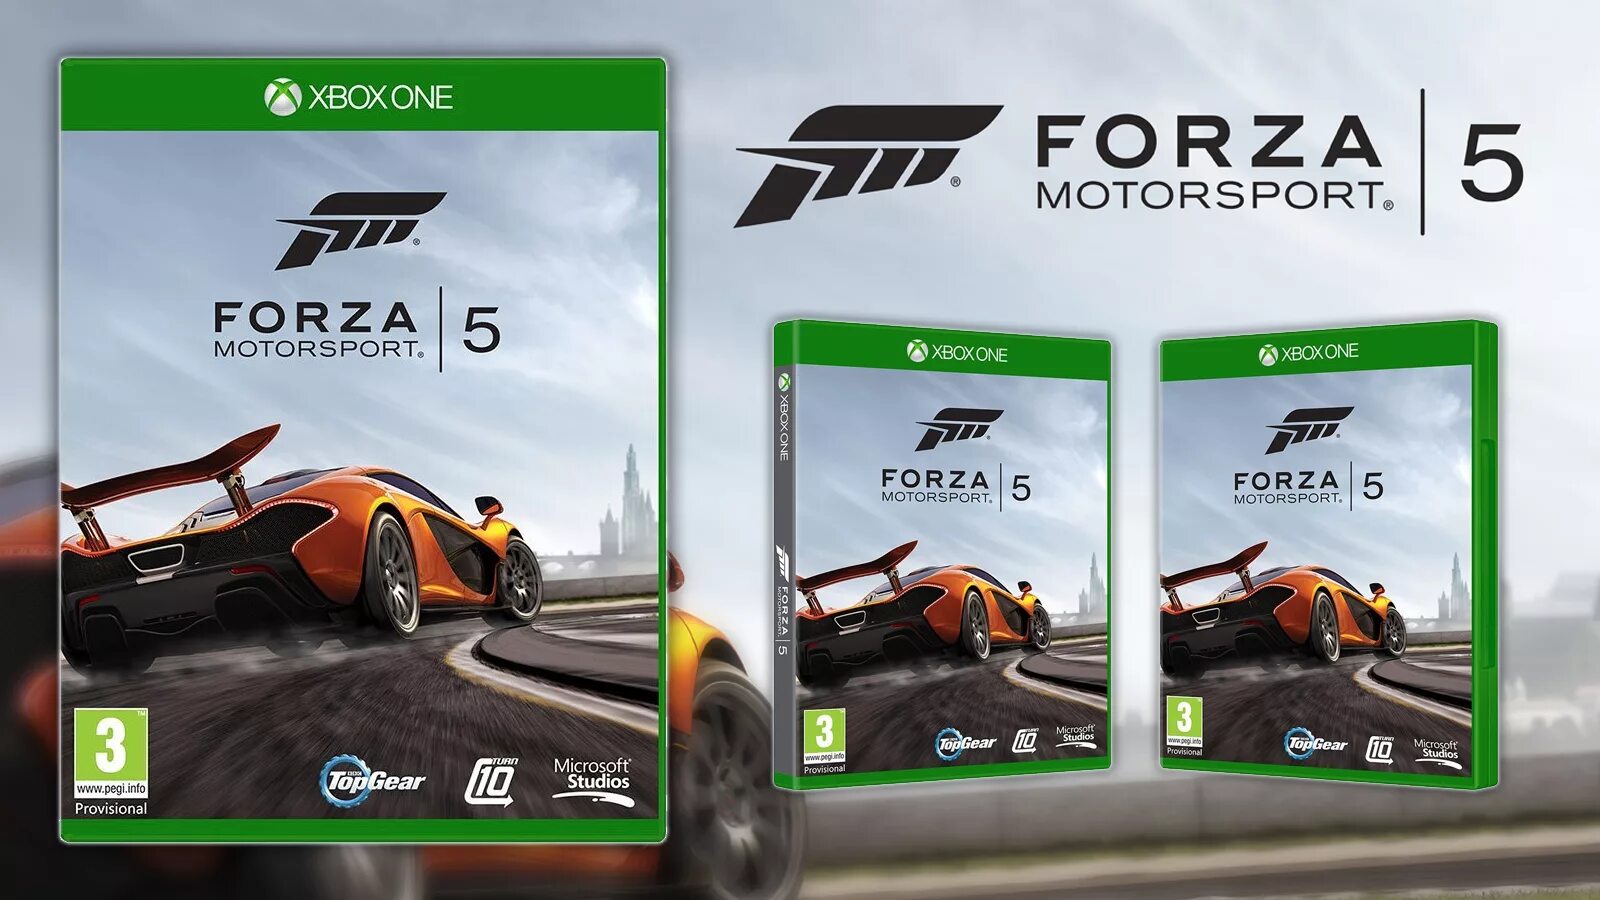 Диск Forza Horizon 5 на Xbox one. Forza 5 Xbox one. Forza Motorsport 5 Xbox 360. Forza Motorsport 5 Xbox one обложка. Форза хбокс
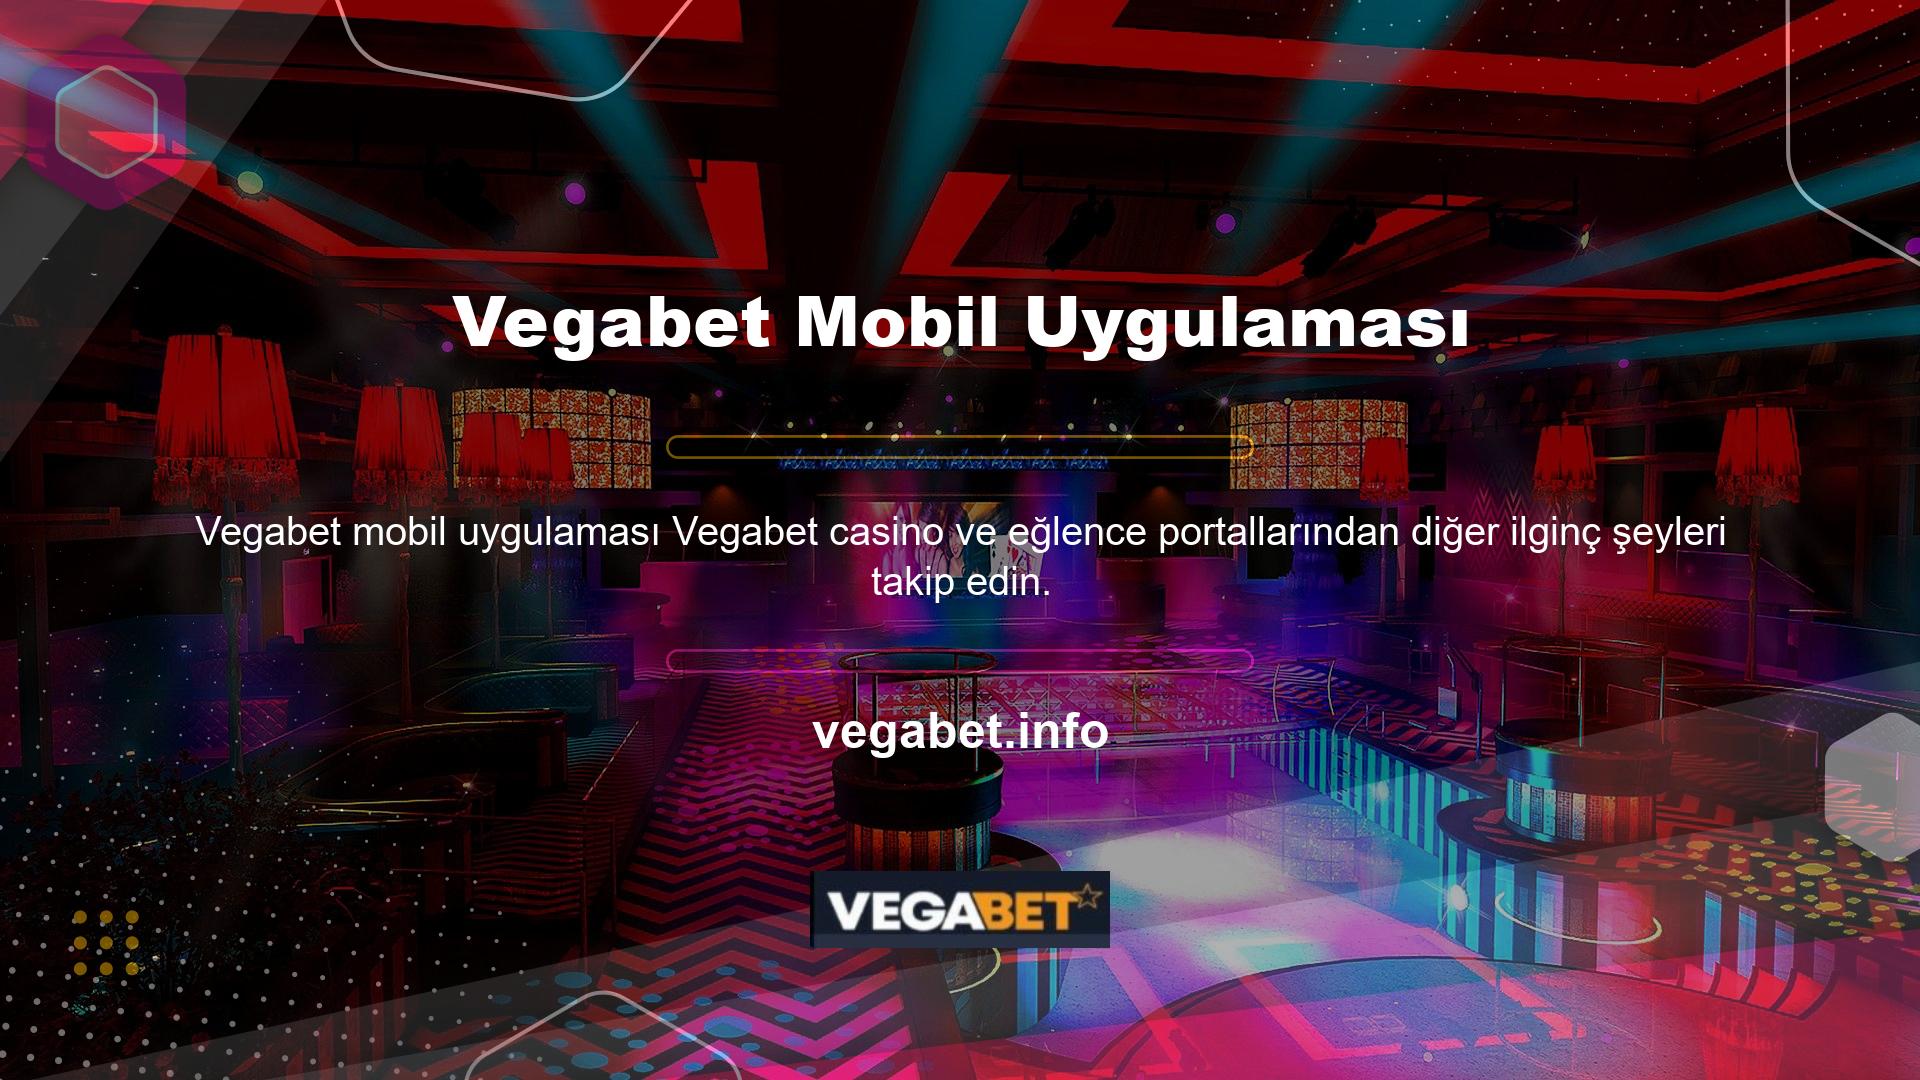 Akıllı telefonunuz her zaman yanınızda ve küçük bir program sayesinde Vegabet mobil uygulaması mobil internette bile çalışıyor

* * *

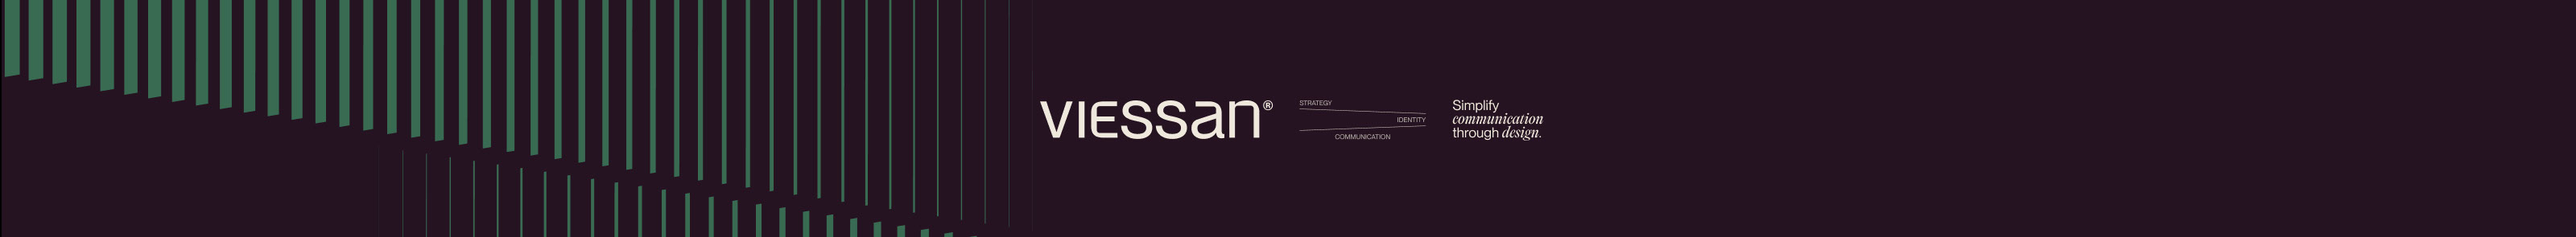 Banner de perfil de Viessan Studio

* * *

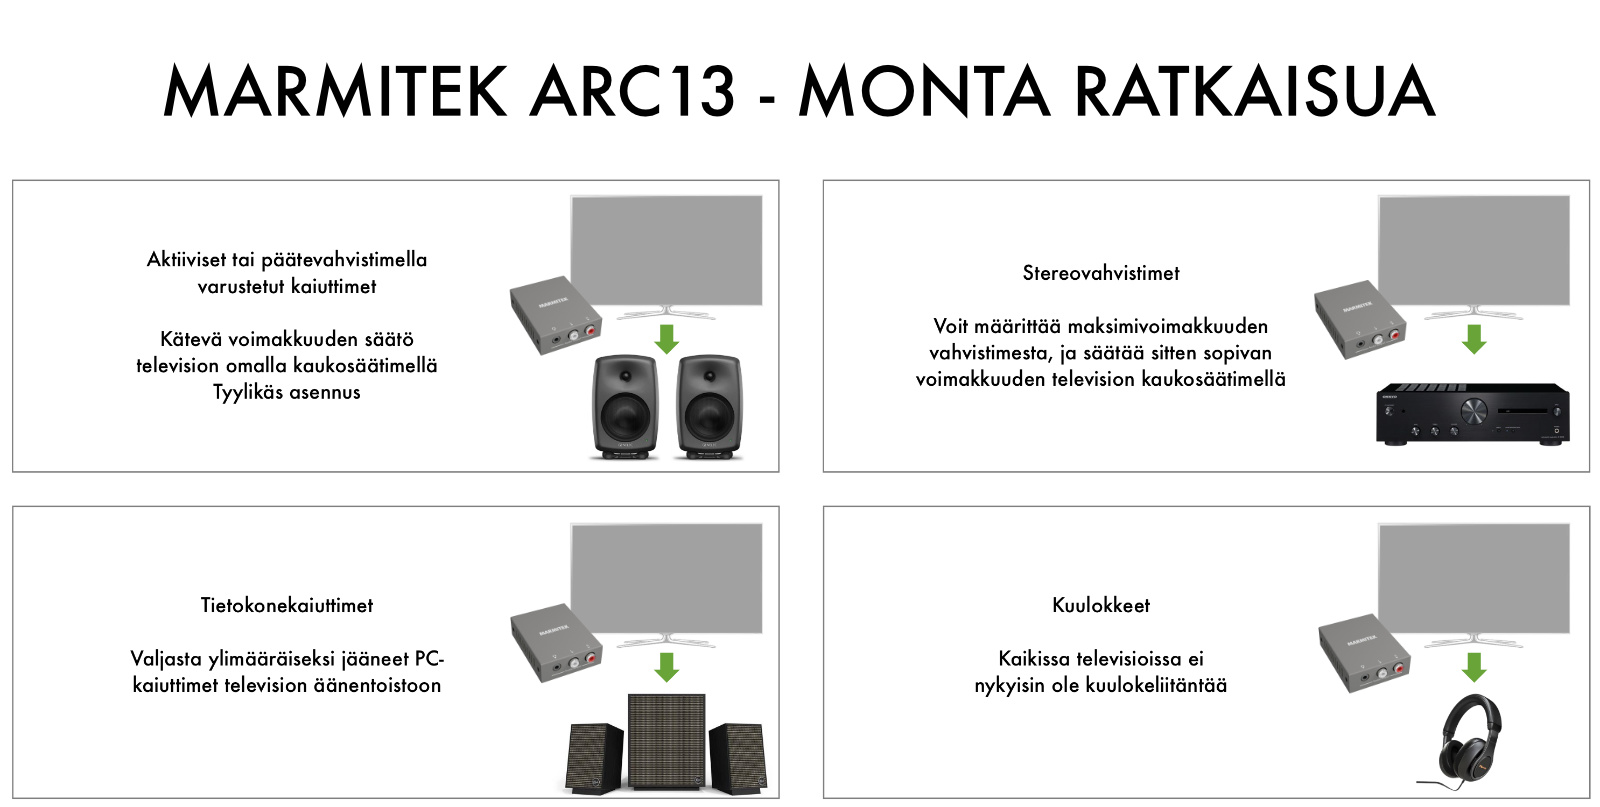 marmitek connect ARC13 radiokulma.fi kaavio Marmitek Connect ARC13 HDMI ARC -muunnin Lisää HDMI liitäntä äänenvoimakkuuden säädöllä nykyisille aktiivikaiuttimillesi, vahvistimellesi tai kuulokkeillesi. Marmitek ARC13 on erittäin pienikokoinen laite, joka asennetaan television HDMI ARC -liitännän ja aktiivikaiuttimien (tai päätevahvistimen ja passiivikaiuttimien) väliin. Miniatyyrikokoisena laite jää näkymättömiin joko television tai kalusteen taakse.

-- Work instructions --
Once the line with "Диск Forza Horizon" is found in the data above, reproduce it and each line after it exactly, through the line with "Akıllı telefonunuz her". Omit the pictures.

-- Answer to this task --
 Диск Forza Horizon 5 на Xbox one. Forza 5 Xbox one. Forza Motorsport 5 Xbox 360. Forza Motorsport 5 Xbox one обложка. Форза хбокс
 Akıllı telefonunuz her zaman yanınızda ve küçük bir program sayesinde Vegabet mobil uygulaması mobil internette bile çalışıyor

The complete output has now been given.